● **What to do**
Copy out exactly the lines below that run from the one holding "Marriott's StreamSide - Birch 1-Bedroom" to the one holding "Un nouveau kit", keeping both of those lines and no others.

*** Source data ***

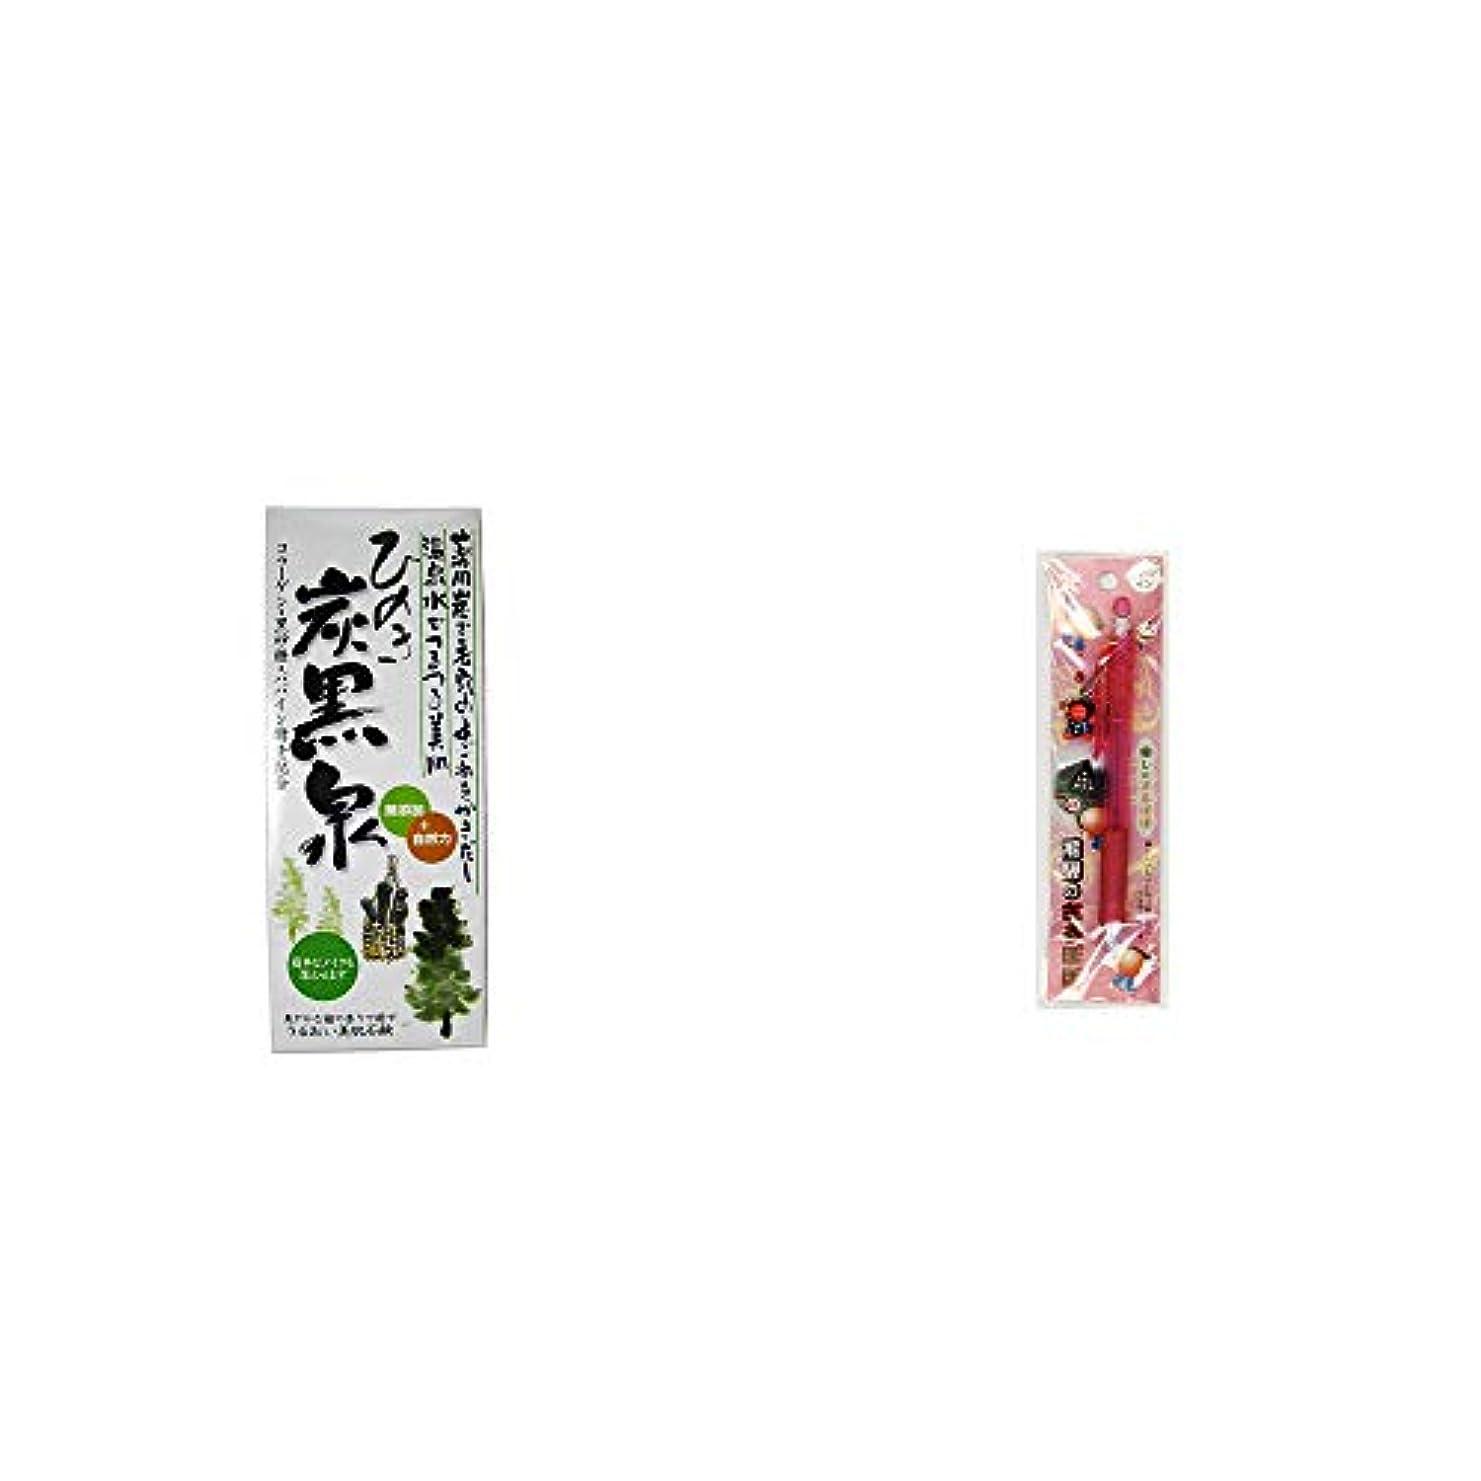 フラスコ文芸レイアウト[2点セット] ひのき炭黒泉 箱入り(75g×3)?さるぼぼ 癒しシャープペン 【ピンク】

***
*** Source data ***

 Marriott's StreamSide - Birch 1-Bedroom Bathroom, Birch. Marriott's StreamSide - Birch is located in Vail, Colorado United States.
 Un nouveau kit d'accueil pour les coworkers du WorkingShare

***

● **Answer area**
 Marriott's StreamSide - Birch 1-Bedroom Bathroom, Birch. Marriott's StreamSide - Birch is located in Vail, Colorado United States.
 Un nouveau kit d'accueil pour les coworkers du WorkingShare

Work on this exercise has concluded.